All the Cool Girls Get Fired

Laura Brown and Kristina O’Neill. Gallery, Oct.

Just in time for a painful job market to get more painful, Sotheby’s Media head O’Neill and former InStyle editor-in-chief Brown reframe firings, layoffs, and restructurings as systemic inevitabilities rather than personal failings. They urge readers not to take the loss as a personal rejection, and to focus instead on developing healthy coping mechanisms and seizing the opportunity to pivot or reinvent themselves.

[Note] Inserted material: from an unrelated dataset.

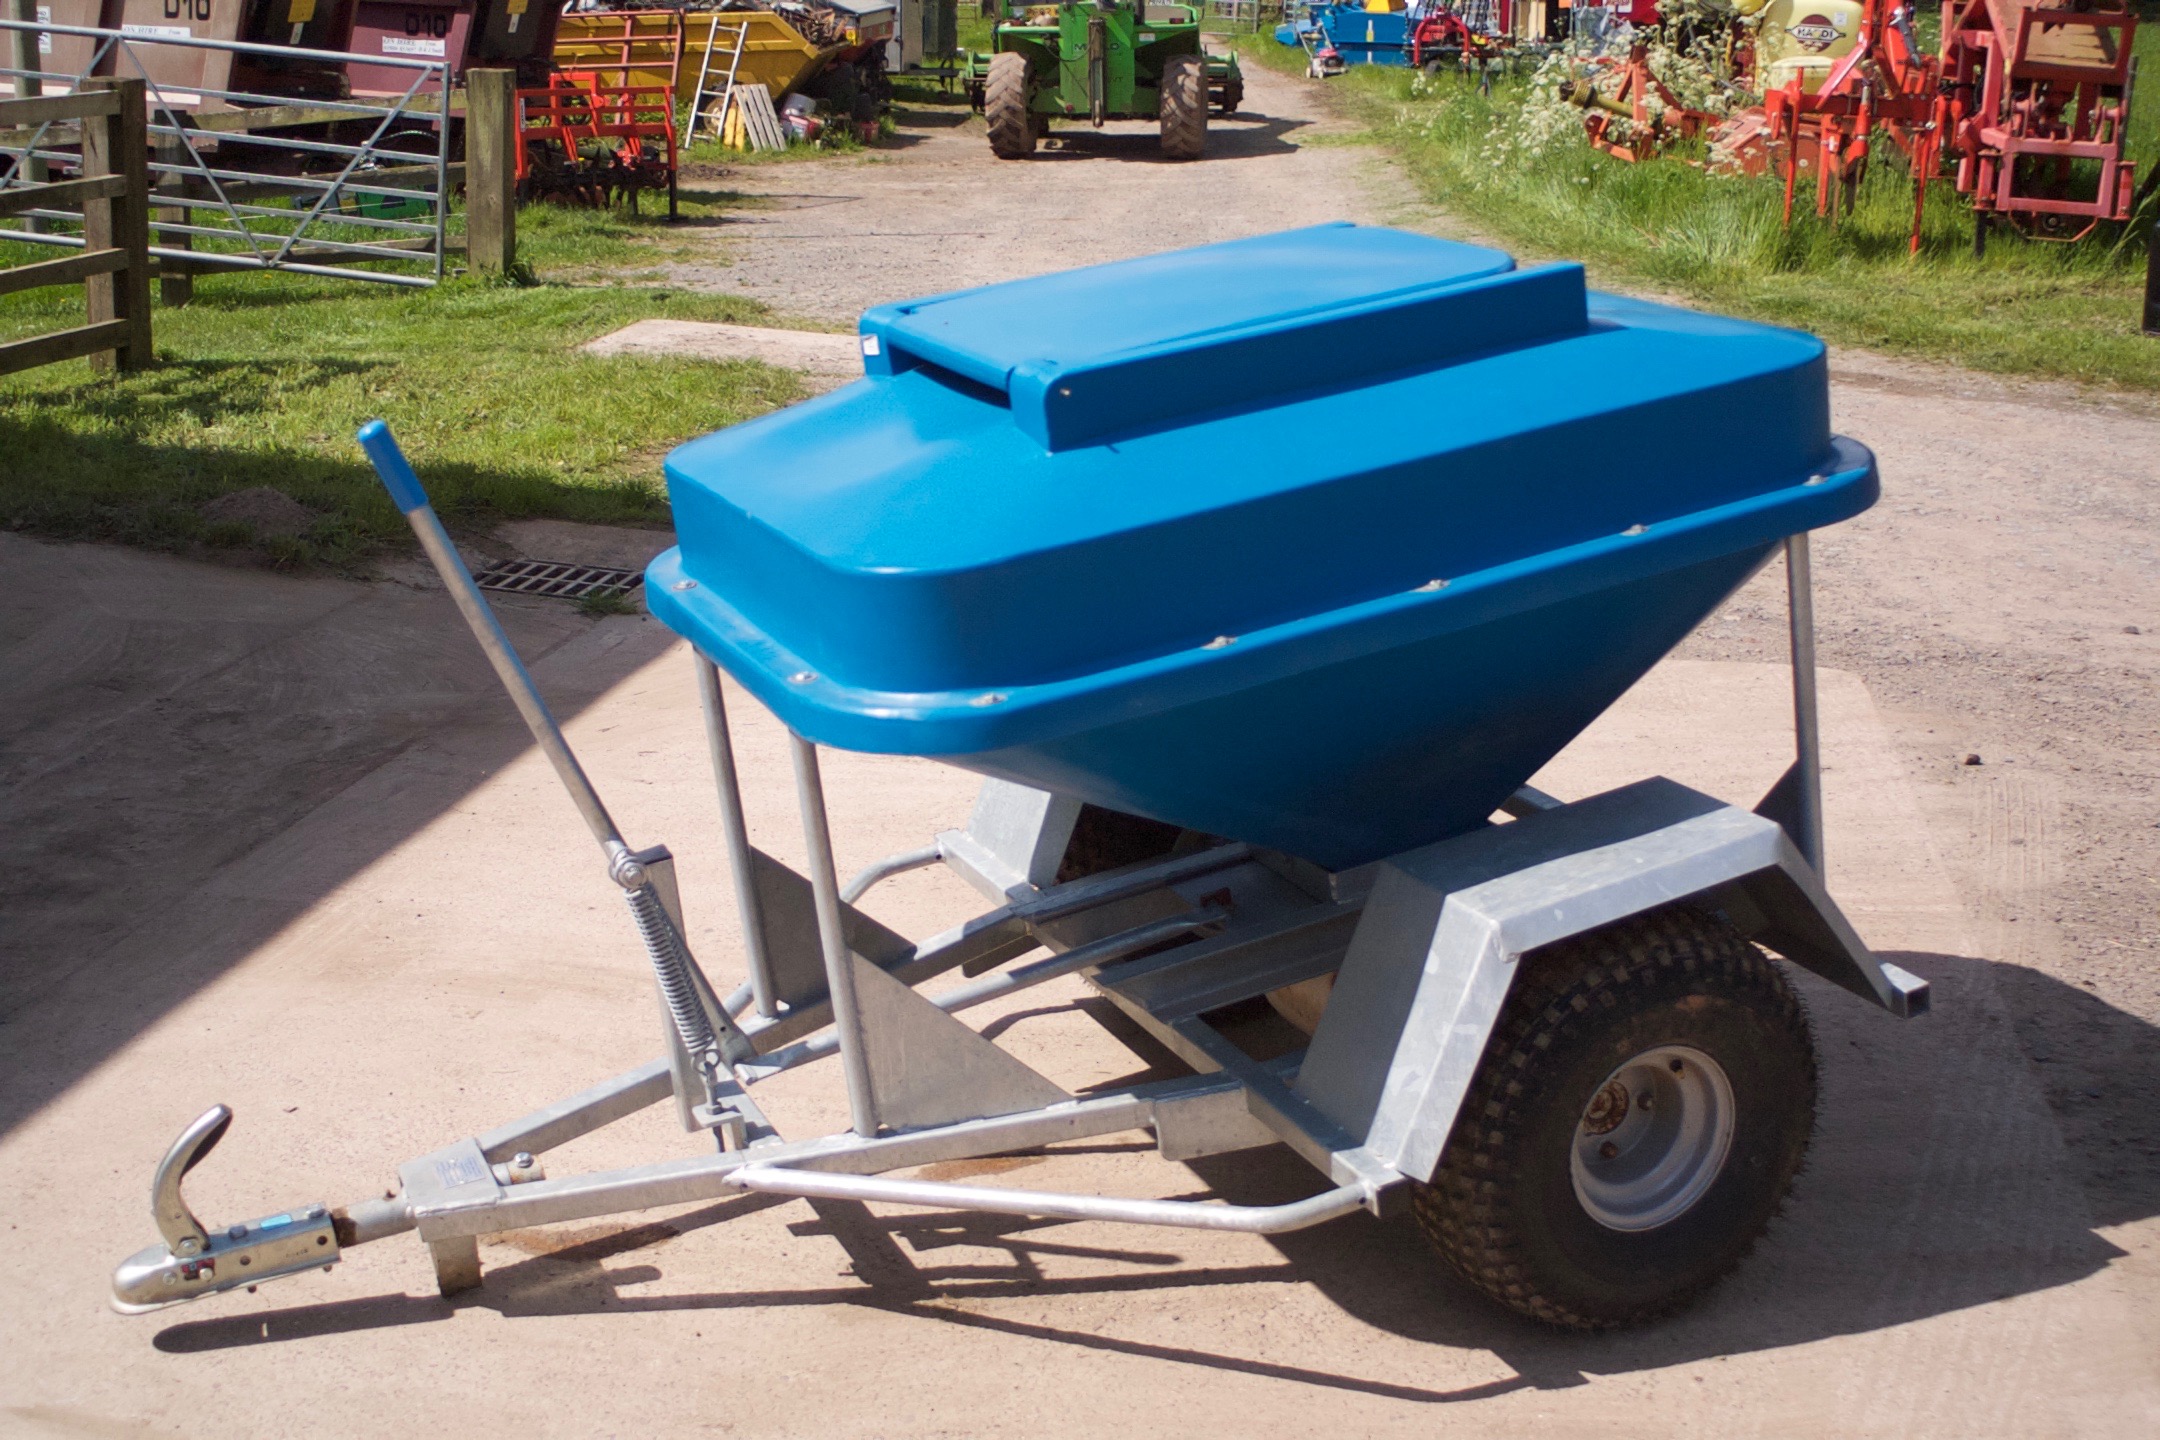 320kg capacity hopper with easy snap-shut lid. Barrel-type dispenser with 3 settings giving 0.75 to 2.5kg drops

The Beautifully Organized Estate Planner

Nikki Boyd. Paige Tate, July

After books addressing home and work, the latest volume in professional organizer Boyd’s Beautifully Organized series helps individuals get their personal affairs in order for the benefit of
caregiving family or heirs. The highly designed hardcover, with foil accents and an interior pocket, provides space for cataloging medical histories, account passwords, important contacts, and more, as well as checklists for end-of-life care and funeral arrangements, so that caretakers may carry out one’s wishes without having to act as detectives or forensic accountants during difficult times.

Having It All

Corinne Low. Flatiron, Sept.

“Because of a few biological realities and a lot of imbalanced cultural and institutional norms, men simply do not face the same level of complexity and potential repercussions when making major life decisions,” according to this book by Low, an economist who teaches the popular Economics of Diversity and Discrimination course at Wharton. She lays bare the cold numbers underlying the inadequacy of women’s individualized attempts to have it all and offers a framework of advice for, she writes, “getting the most happiness and satisfaction from your life and career in a world full
of constraints.”

My Mother’s Money

Beth Pinsker. Crown Currency, Nov.

Caring for an elderly parent, already an emotionally draining role, is even more overwhelming when paired with the need to manage long-term care funding, medical and financial powers of attorney, and Kafkaesque insurance policy restrictions. Pinsker, a certified financial planner, draws on her own experience caring for her aging mother to offer advice on navigating these and other logistical quandaries of elder care and end-of-life planning.

Retirement Bites

Kerry Hannon and Janna Herron. Basic Venture, Sept.

Yahoo Finance columnists Hannon and Herron aim their advice at the 64 million members of Gen X, speaking to a cohort for whom rising interest rates, the decline of pensions, multiple financial crises, and other impediments to a secure and comfortable retirement are top of mind. It’s not too late, the authors say, even for those barely a decade from retirement; saving and investing wisely in these last years of a career can aid a successful transition out of it.

Correction: This article has been edited to correct My Mother's Money author Beth Pinsker's name.